About this task:
Retype the whole listing below exactly, keeping every picture out of it.

The data:
○ ○ ○ ○

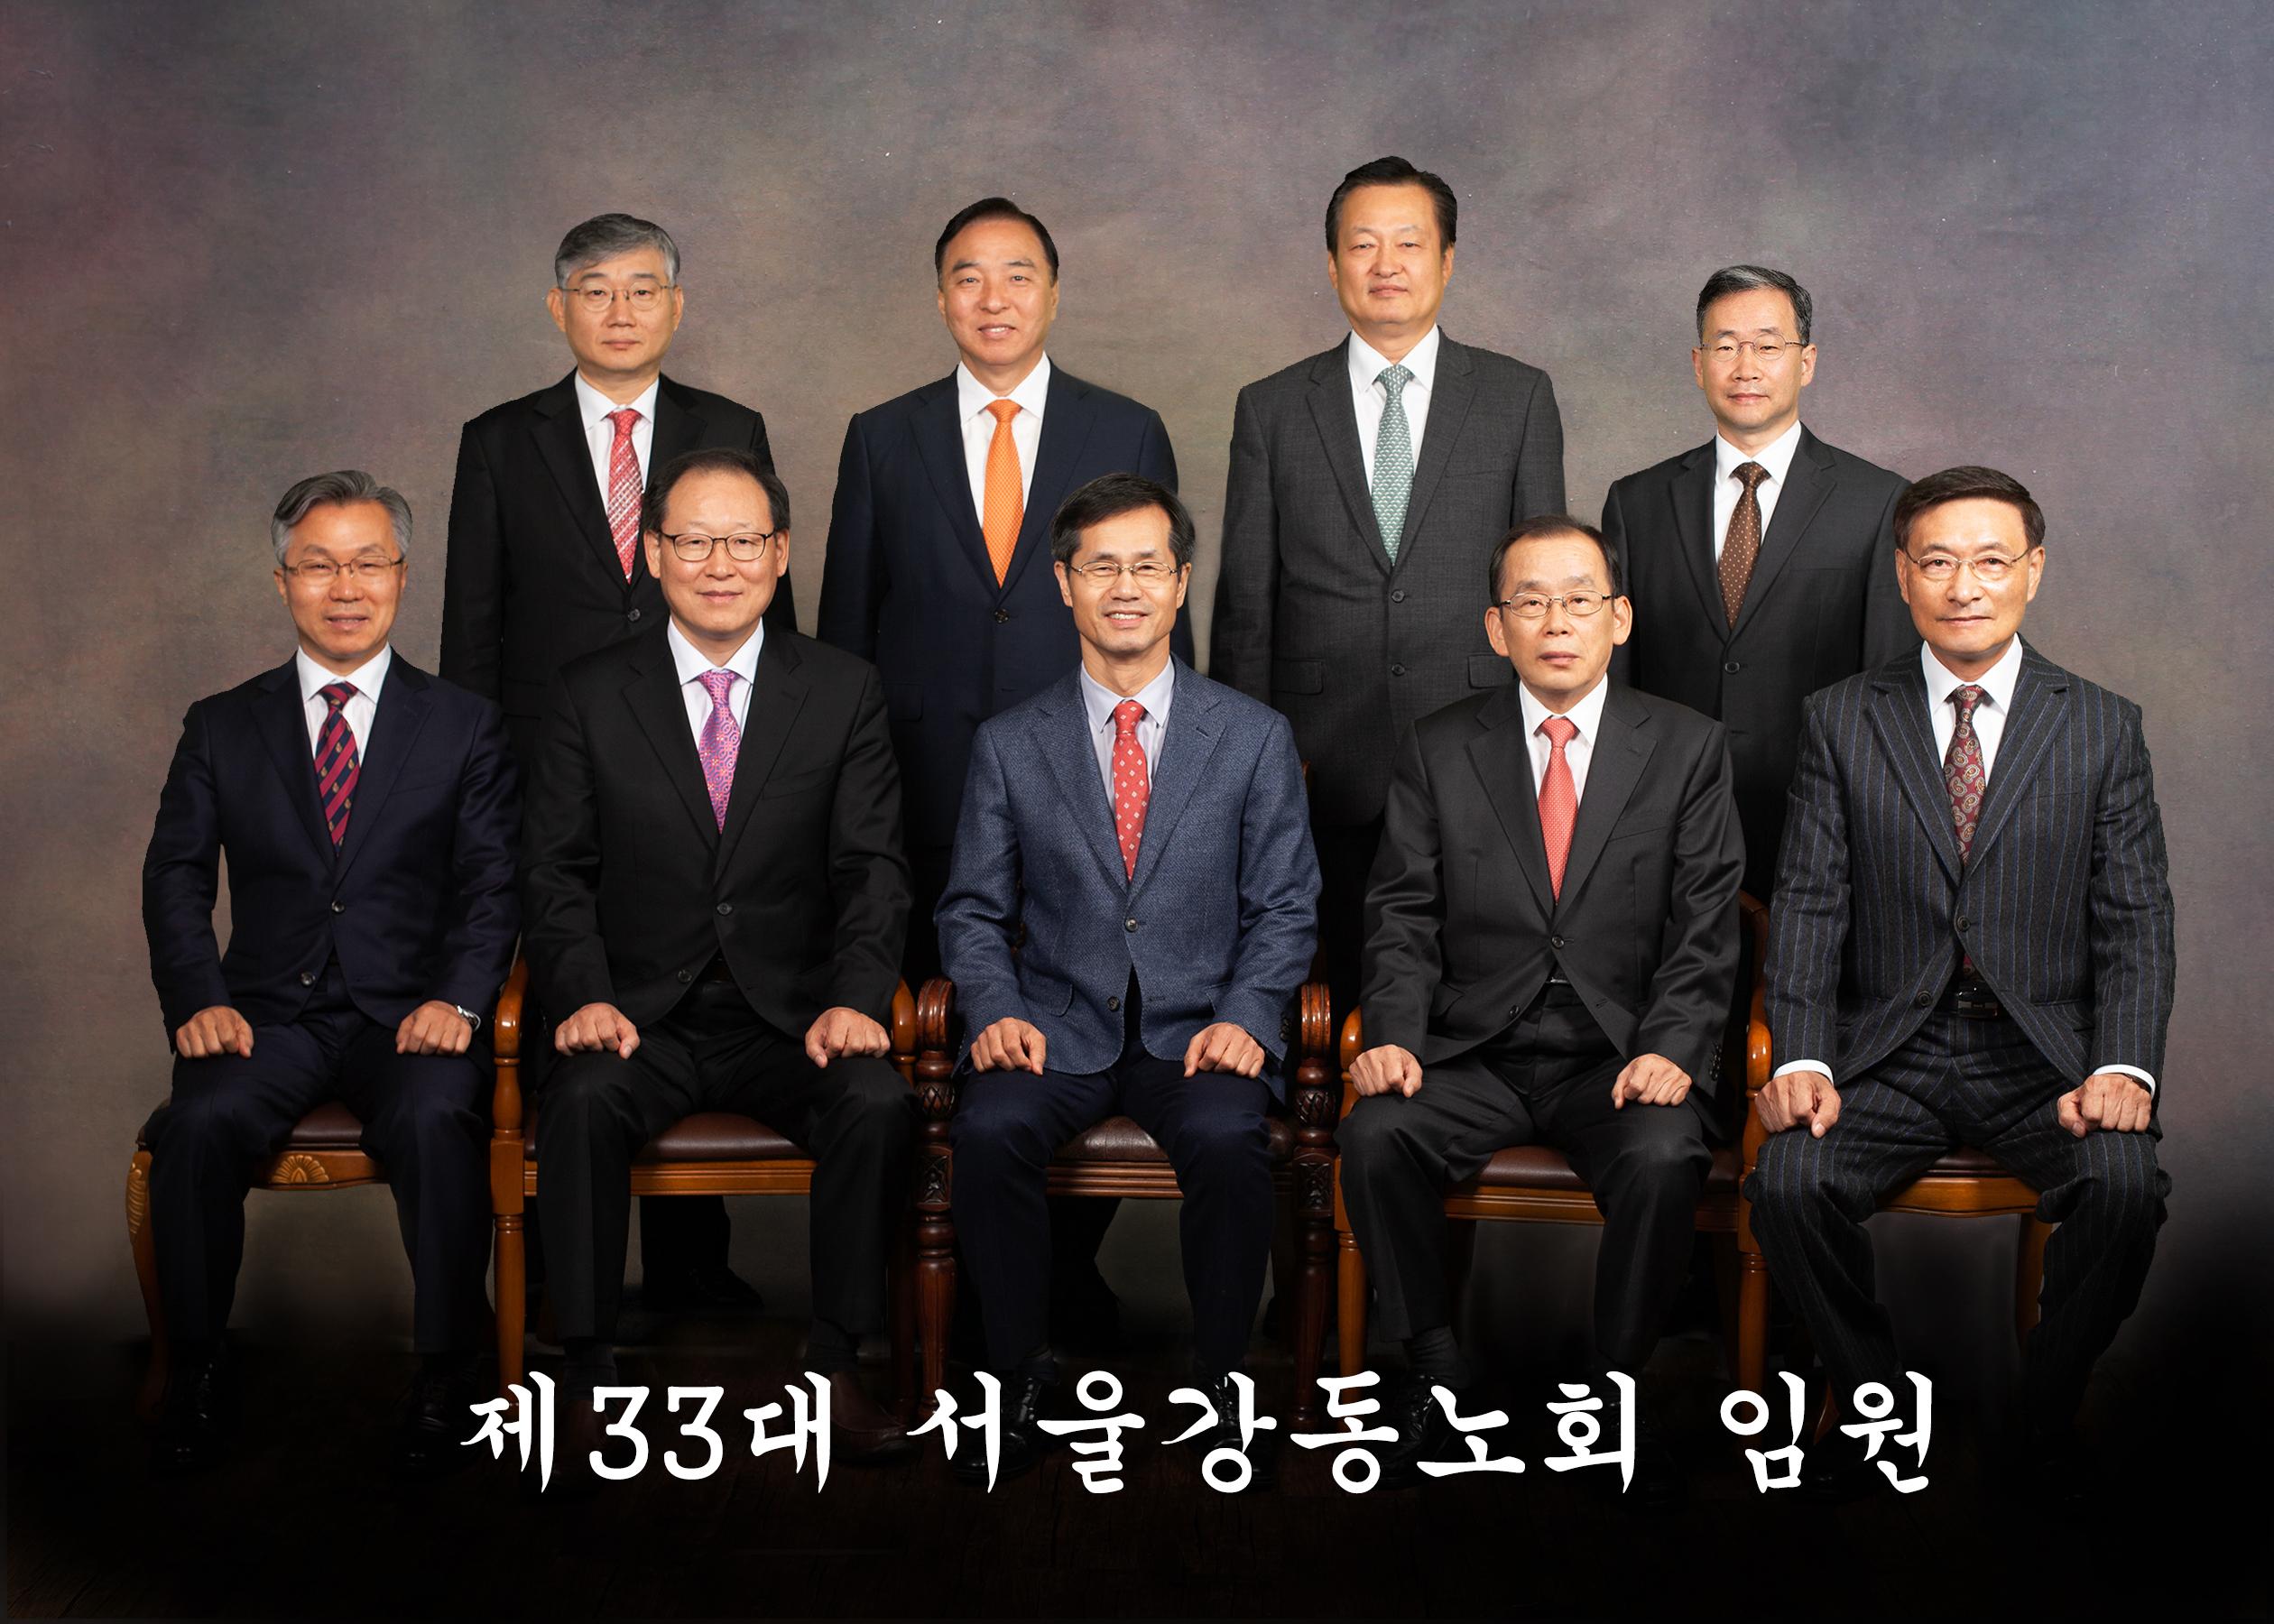 서울강동노회 제33대 임원사진-(글자有).jpg
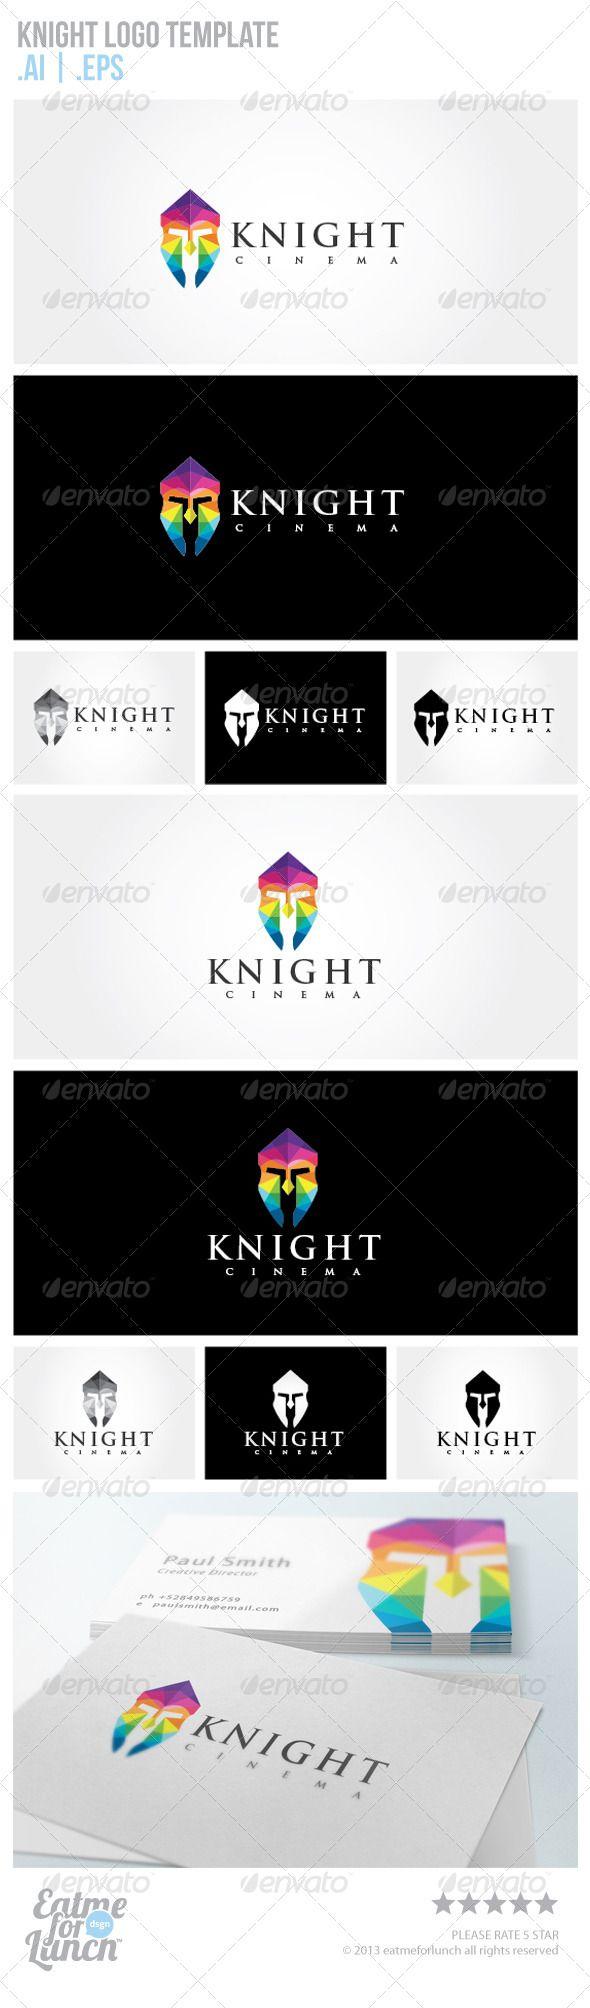 Knight Logo Template Logo Templates Knight Logo Premade Logo Templates
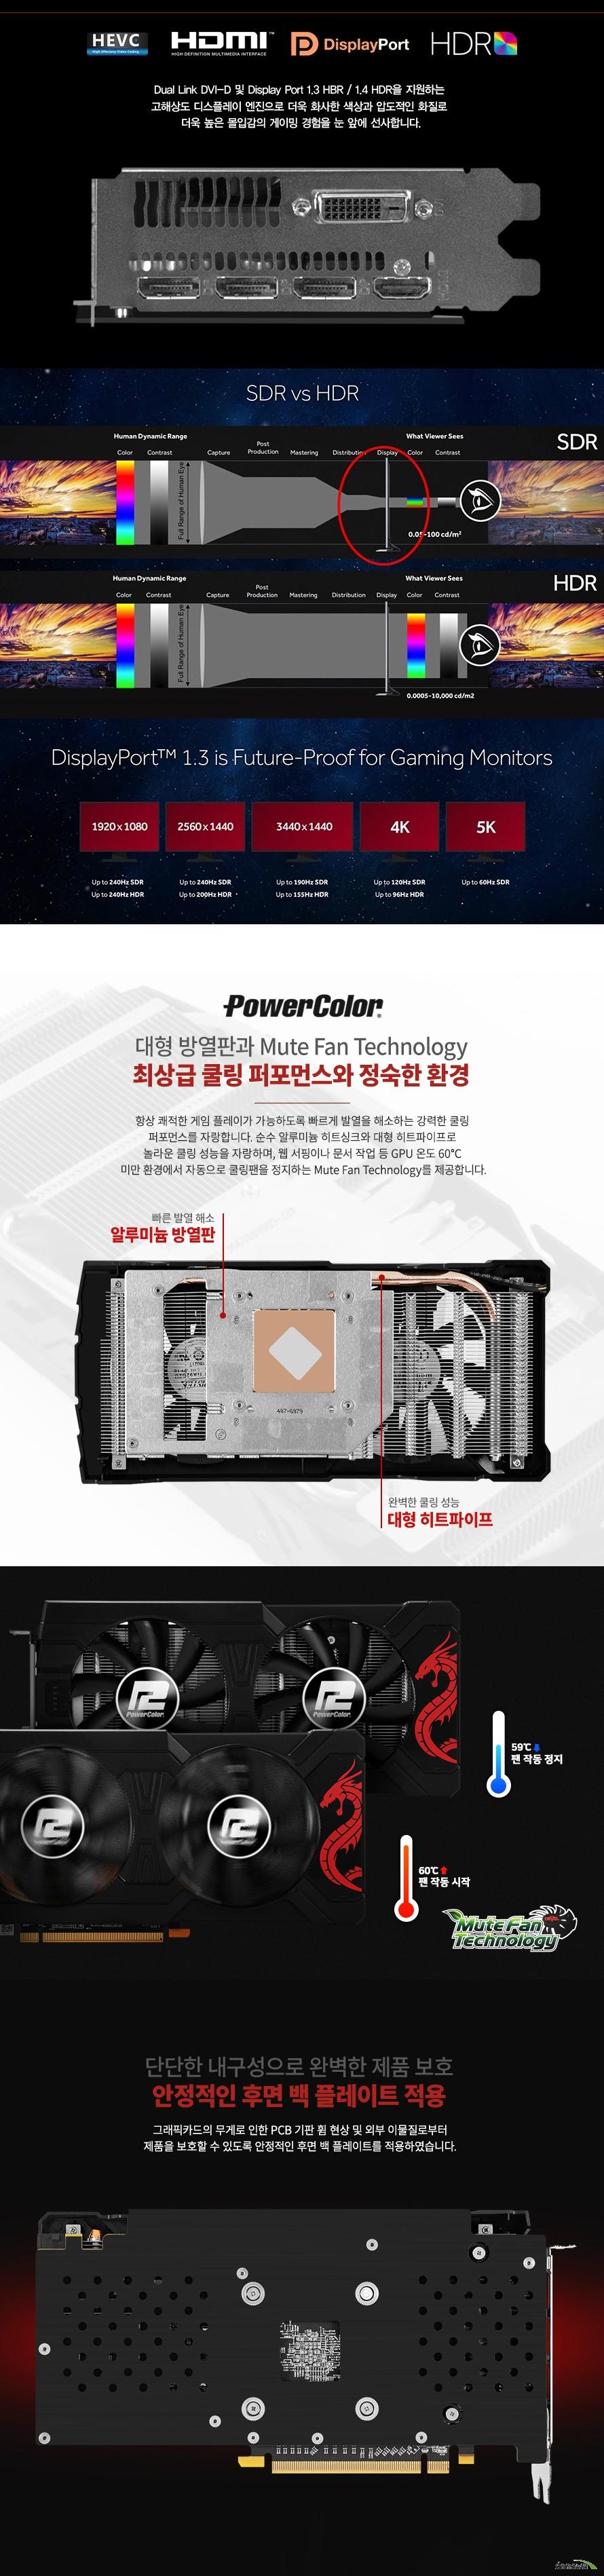 PowerColor  라데온 RX 570 OC D5 8GB 레드드래곤 백플레이트
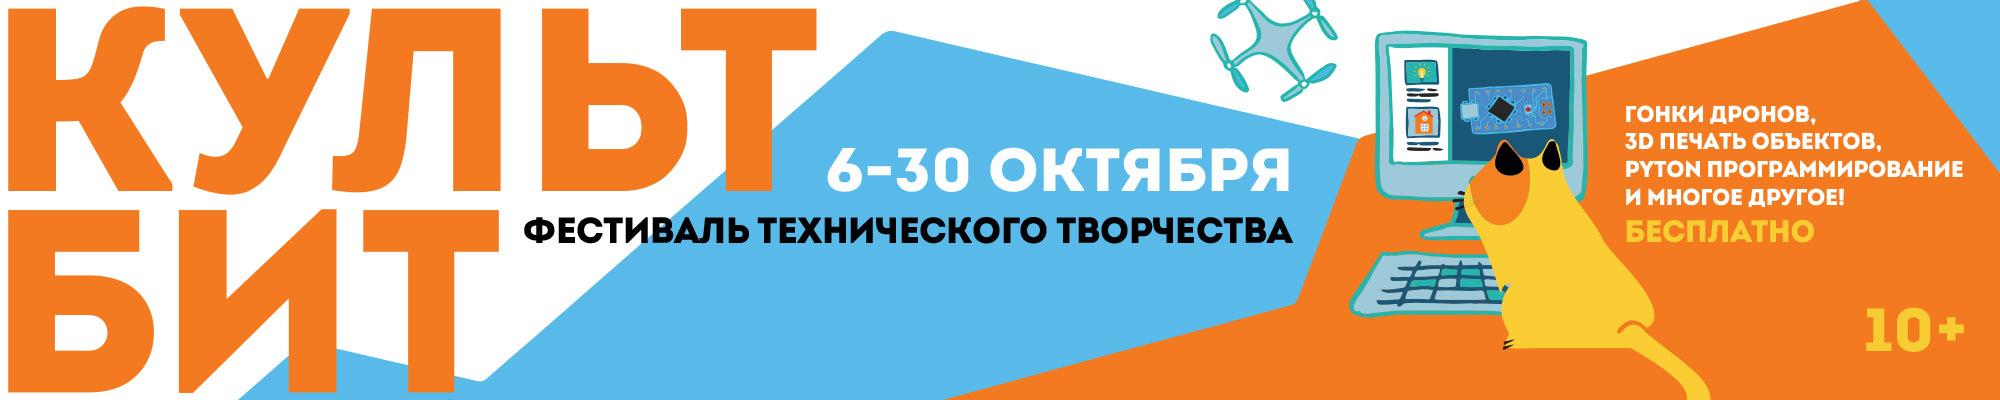 Фестиваль технического творчества «Культбит»

○ ○ ○ ○

Completed exercise:
 서울강동노회 제33대 임원사진-(글자有).jpg
 Knight Logo Template Logo Templates Knight Logo Premade Logo Templates
 PowerColor  라데온 RX 570 OC D5 8GB 레드드래곤 백플레이트
 Фестиваль технического творчества «Культбит»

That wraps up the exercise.